(RAW DATA begins)
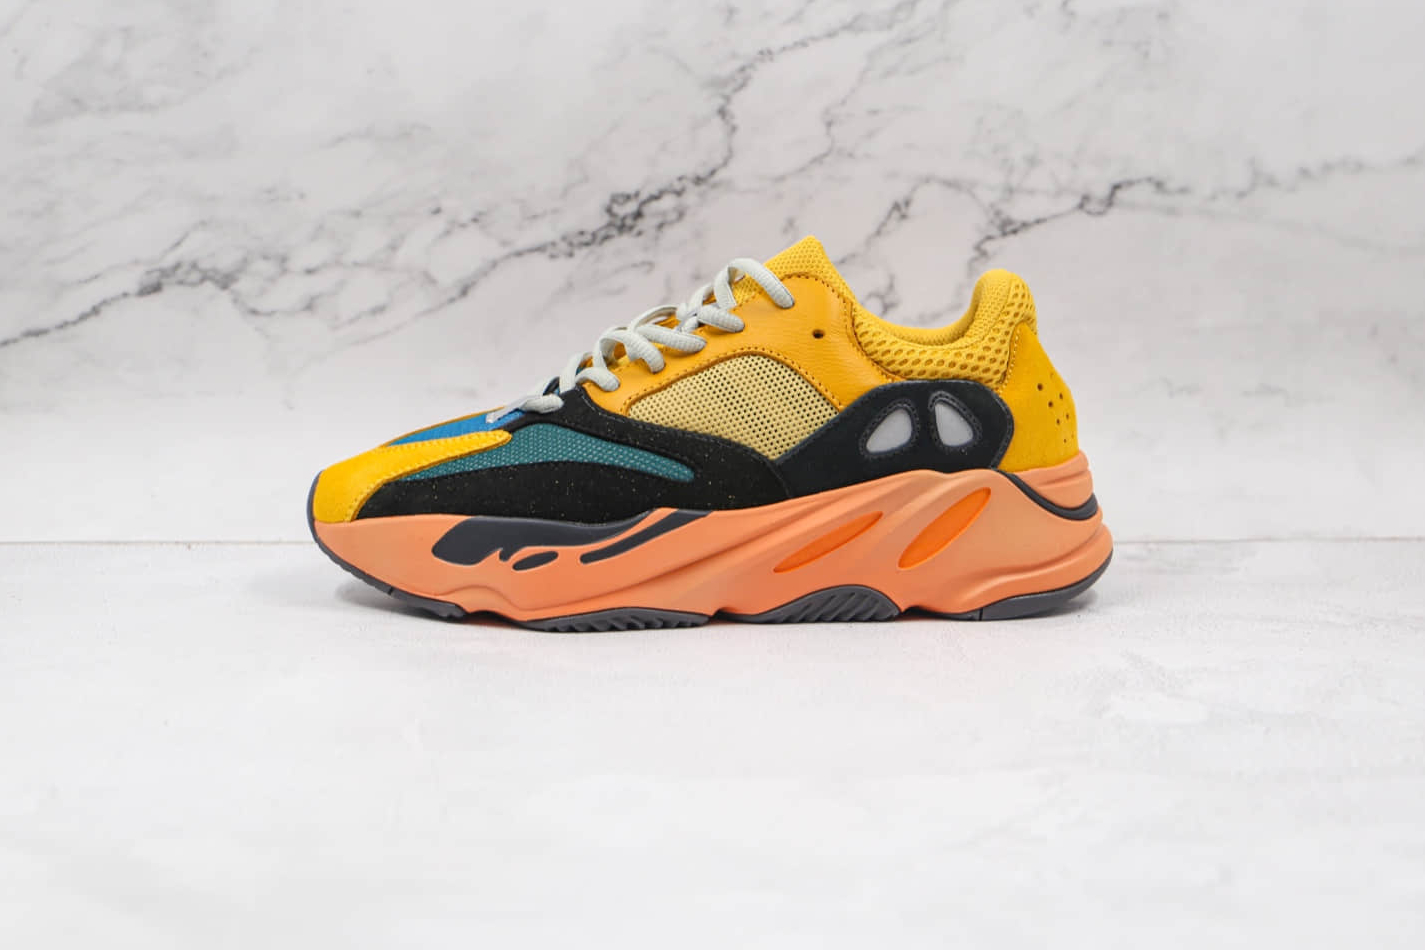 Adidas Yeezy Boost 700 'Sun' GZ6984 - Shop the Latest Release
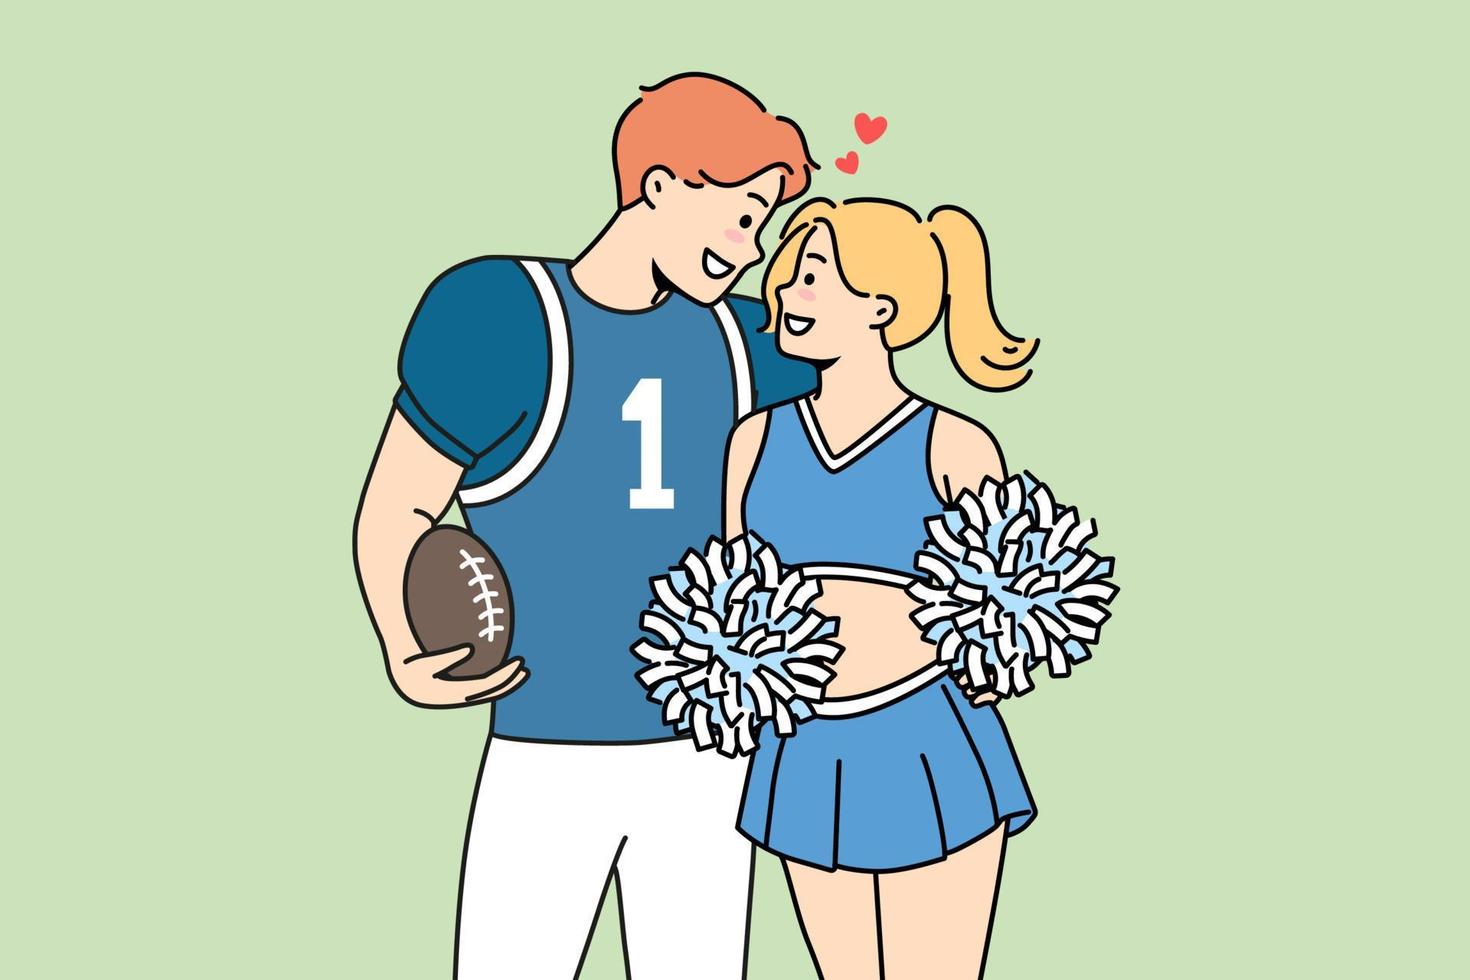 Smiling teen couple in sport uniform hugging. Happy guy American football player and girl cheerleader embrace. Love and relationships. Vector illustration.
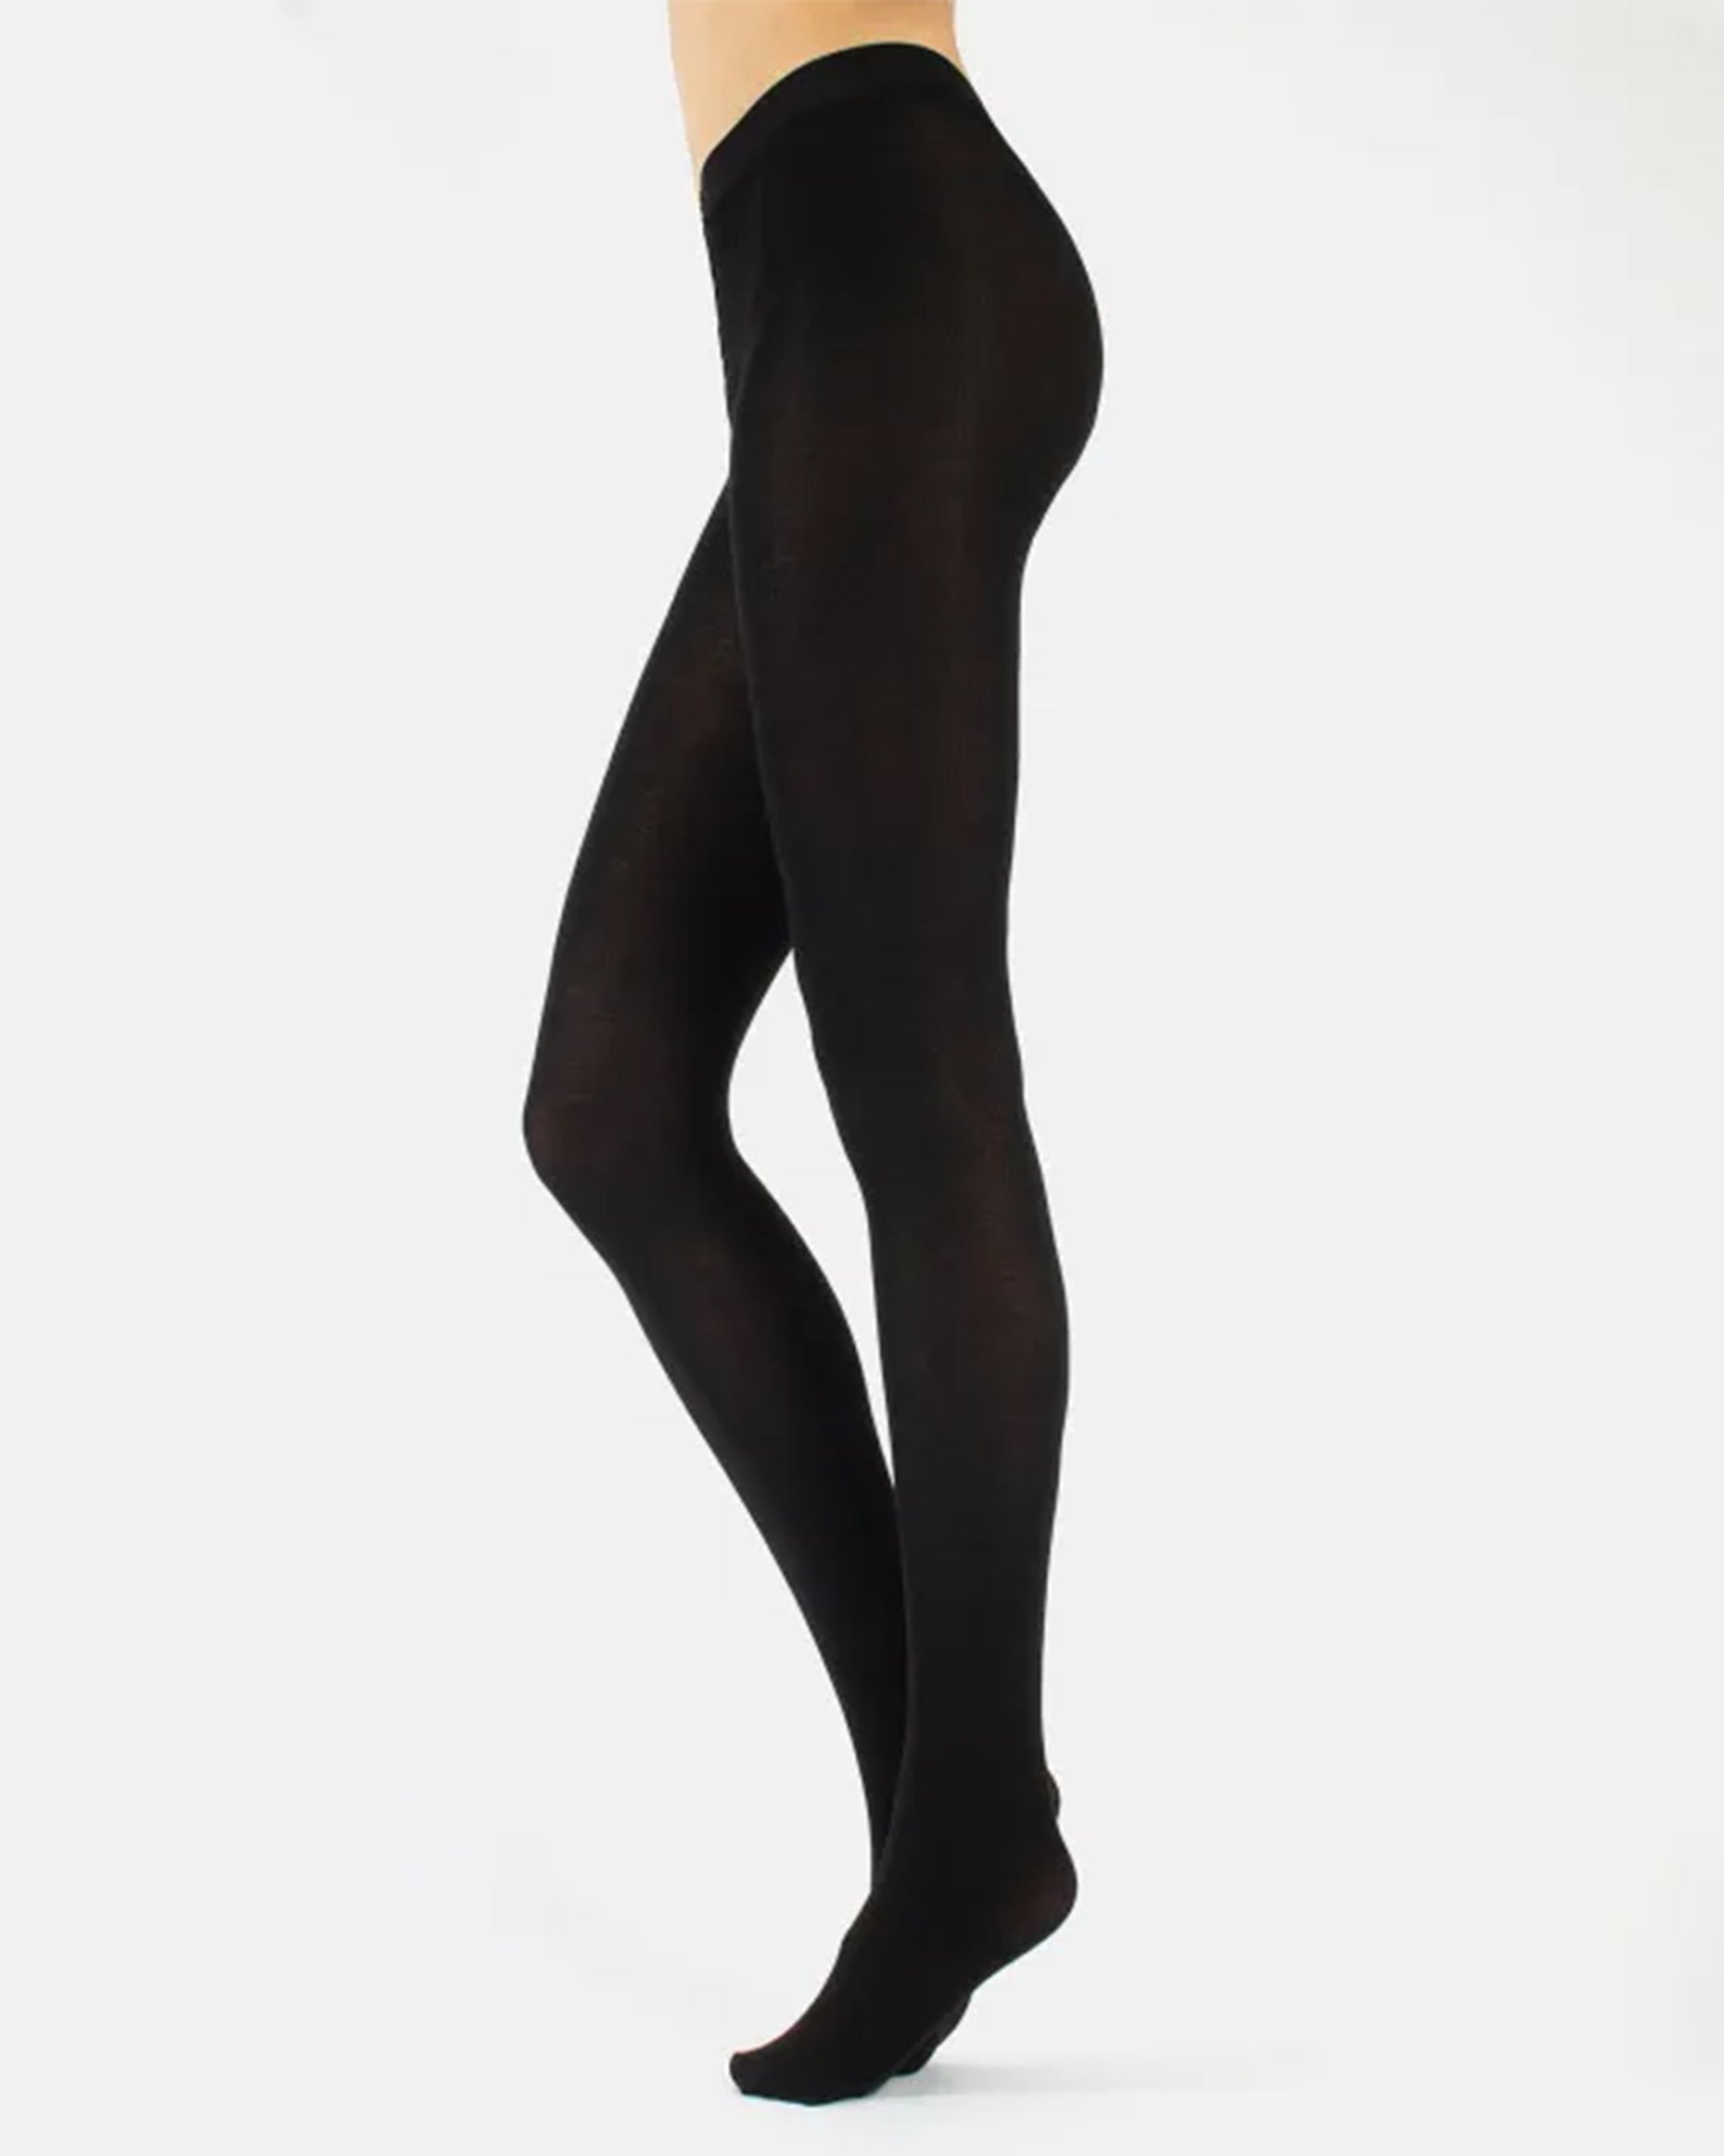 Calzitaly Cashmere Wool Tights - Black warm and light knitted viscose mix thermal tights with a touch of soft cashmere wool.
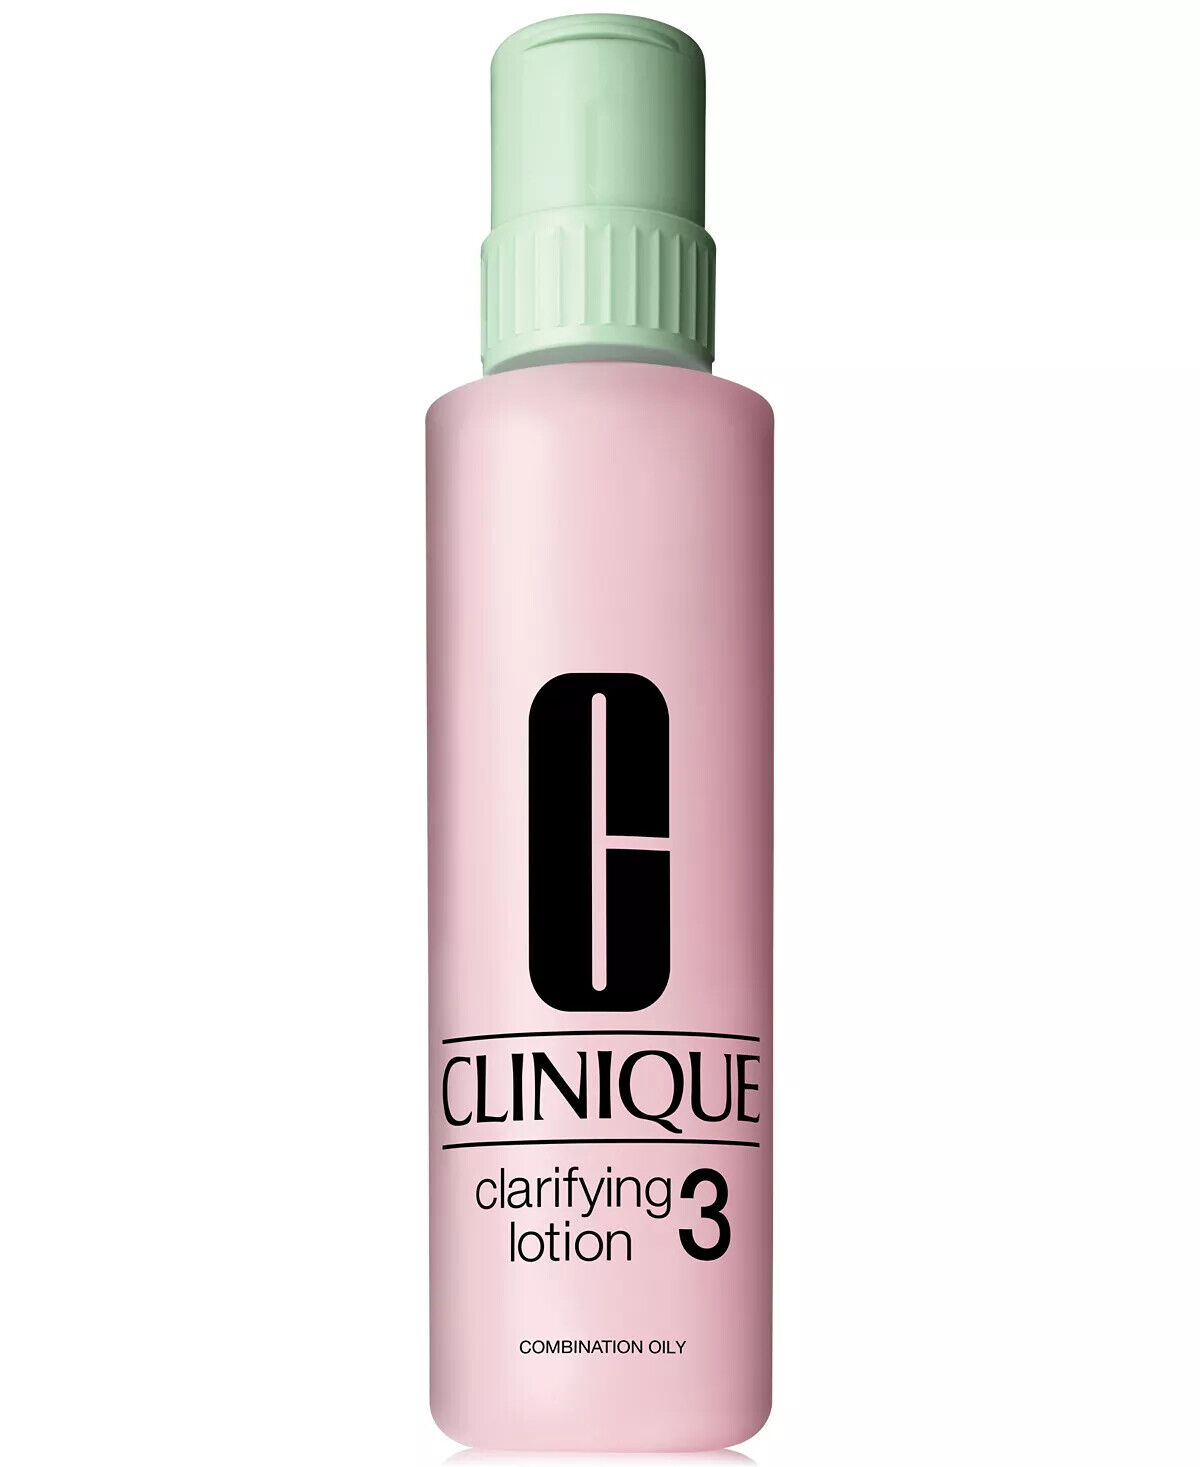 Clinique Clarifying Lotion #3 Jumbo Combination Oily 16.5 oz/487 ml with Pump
(RAW DATA ends)
#### WHAT TO DO
Type the listing above out again exactly, and omit all pictures.

#### OUTPUT
 Adidas Yeezy Boost 700 'Sun' GZ6984 - Shop the Latest Release
 Smiling teen couple in sport uniform hugging. Happy guy American football player and girl cheerleader embrace. Love and relationships. Vector illustration.
 Calzitaly Cashmere Wool Tights - Black warm and light knitted viscose mix thermal tights with a touch of soft cashmere wool.
 Clinique Clarifying Lotion #3 Jumbo Combination Oily 16.5 oz/487 ml with Pump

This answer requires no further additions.